Branch name and commit hash of the 2 repositories: sof (firmware/topology) and linux (kernel driver).
- Kernel: since ww02.2
- SOF: since ww02.2
Name of the topology file
- Topology: default
Name of the platform(s) on which the bug is observed.
- Platform: mtl

btian1 · 2024-01-16T03:04:27Z

passed: https://sof-ci.ostc.intel.com/#/result/planresultdetail/36559
failed: https://sof-ci.ostc.intel.com/#/result/planresultdetail/36620

passed mtrace logging:

failed mtrace logging:

Current performance testing are requesting skip trace until find trace timestamp between [0, 1] as the start
of valid mtrace performance logging, due to current sof-test test case may collect some traces belonging to previous
test case due to mtrace is configured in deferred mode.

So once Rander aligned kernel and DSP timestamp, DSP timestamp only restart(from 0) on DSP power off/on, this means
only the first test case(or test case require DSP restart) have timestamp with [0,1].

with current option, until mtrace logging end, there may no timestamp between [0,1], so raise this exception and cause performance test failed.

Current solution is remove this option and python script will directly try to find logs include "comp_copy" as valid module performance logging, then collect and calculate its performance data.

This is also working with previous mtrace logs, no other negative impact observed so far.

btian1 · 2024-01-16T03:06:42Z

PR submitted for review and discuss:

lib.sh: perf_analyze(): drop --skip-to-first-trace #1150

marc-hb · 2024-01-16T17:35:04Z

Thanks for collecting logs. Next time please avoid screenshots: https://docs.zephyrproject.org/latest/develop/getting_started/index.html#use-copy-paste

marc-hb · 2024-01-16T20:02:35Z

Thanks for collecting these logs and describing the change, this is great progress.

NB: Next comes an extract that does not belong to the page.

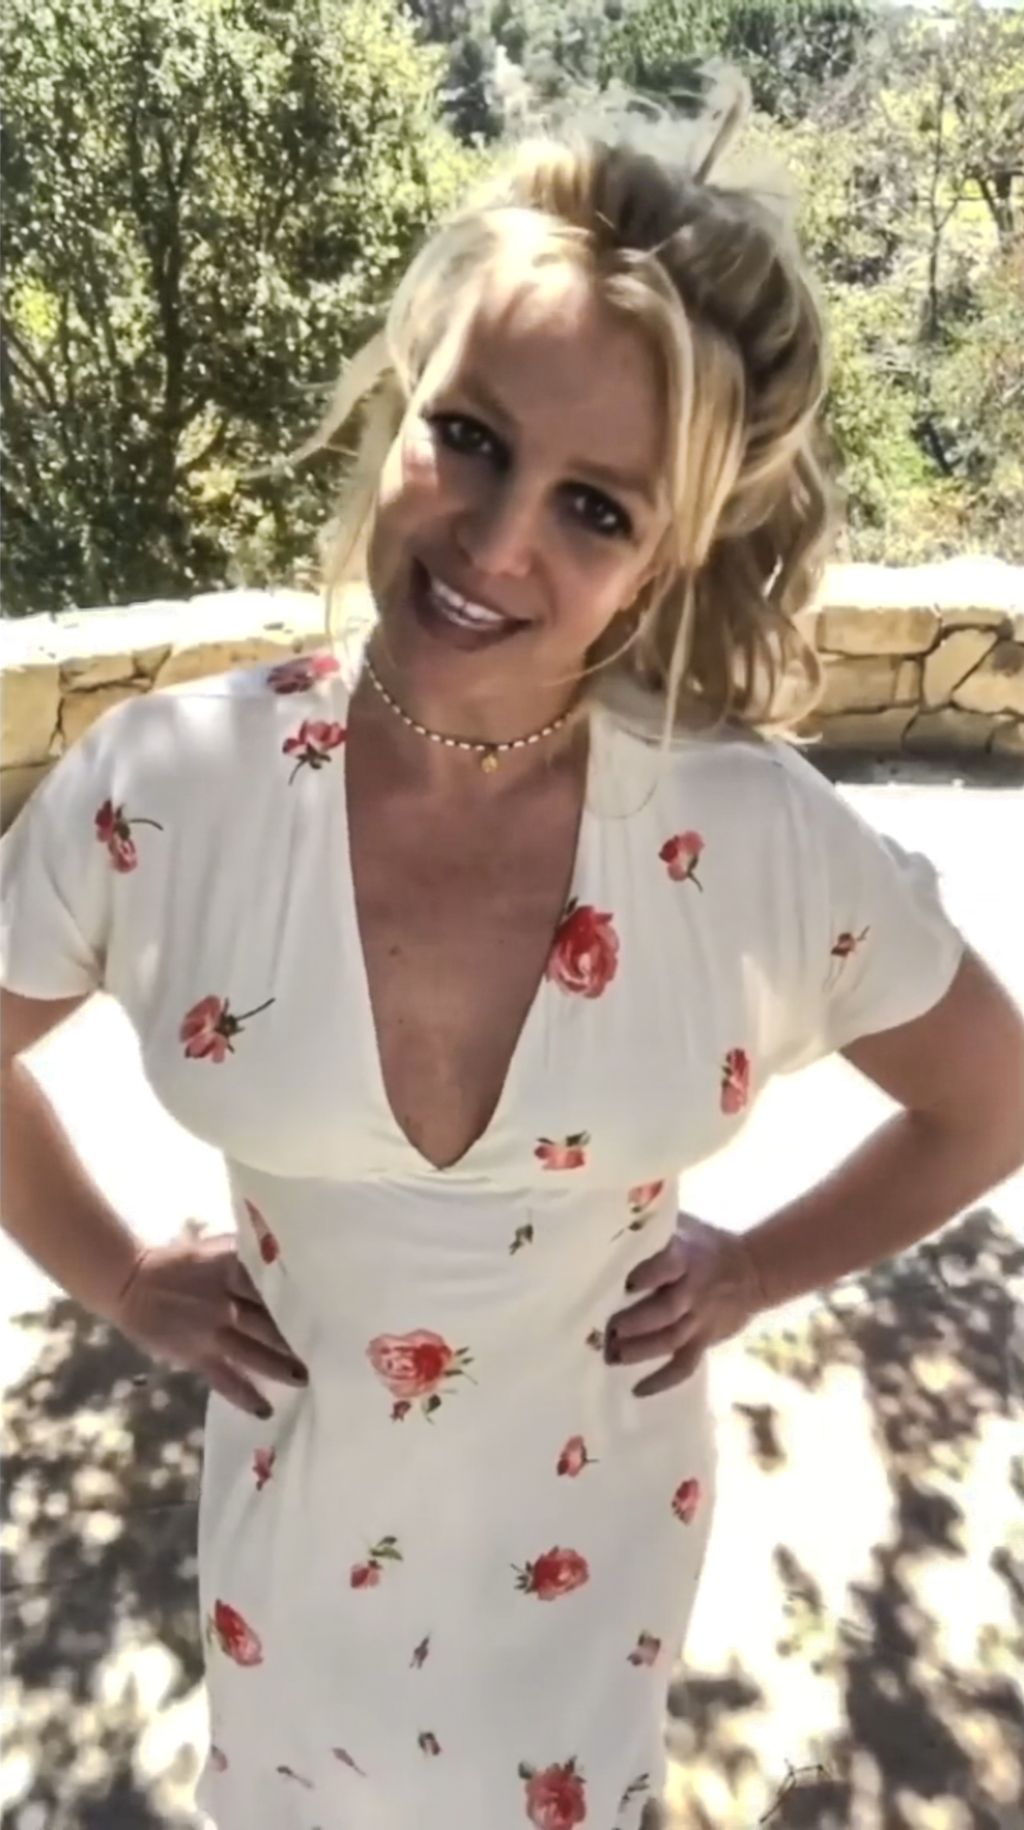 Britney Spears on social media
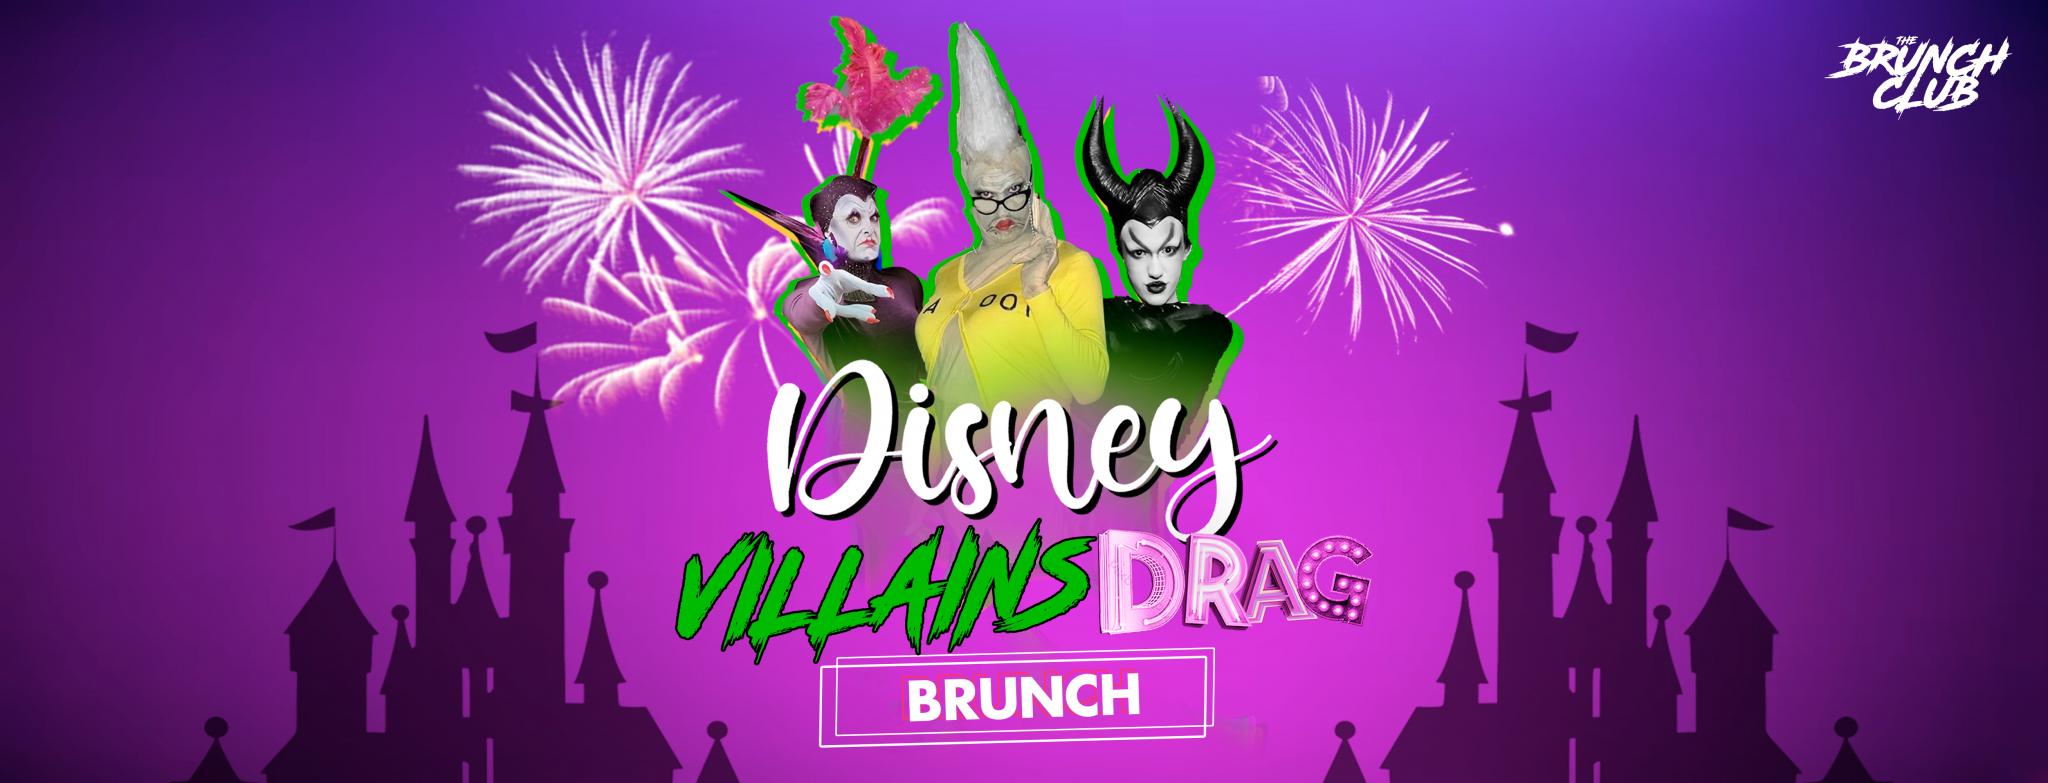 Disney Villains Drag Boozy Brunch - Glasgow

So once Rander aligned kernel and DSP timestamp, DSP timestamp only restart(from 0) on DSP power off/on
this means only the first test case(or test case require DSP restart) have timestamp with [0,1].

The initial timestamp sync message (0x44000000|0x31400008) is sent only every time the DSP boots. This sync message can be seen in all the logs you shared. So we can see that the DSP boots in all the logs you shared. Yet the timestamp does not always restarts from zero. So no: "DSP boot" != "timestamp from 0"; it's more complicated.

I investigated this a bit and I think I found the key fact and key difference that you have been constantly missing so far: booting from IMR.

Current solution is remove this option and python script will directly try to find logs include "comp_copy" as valid module performance logging, then collect and calculate its performance data.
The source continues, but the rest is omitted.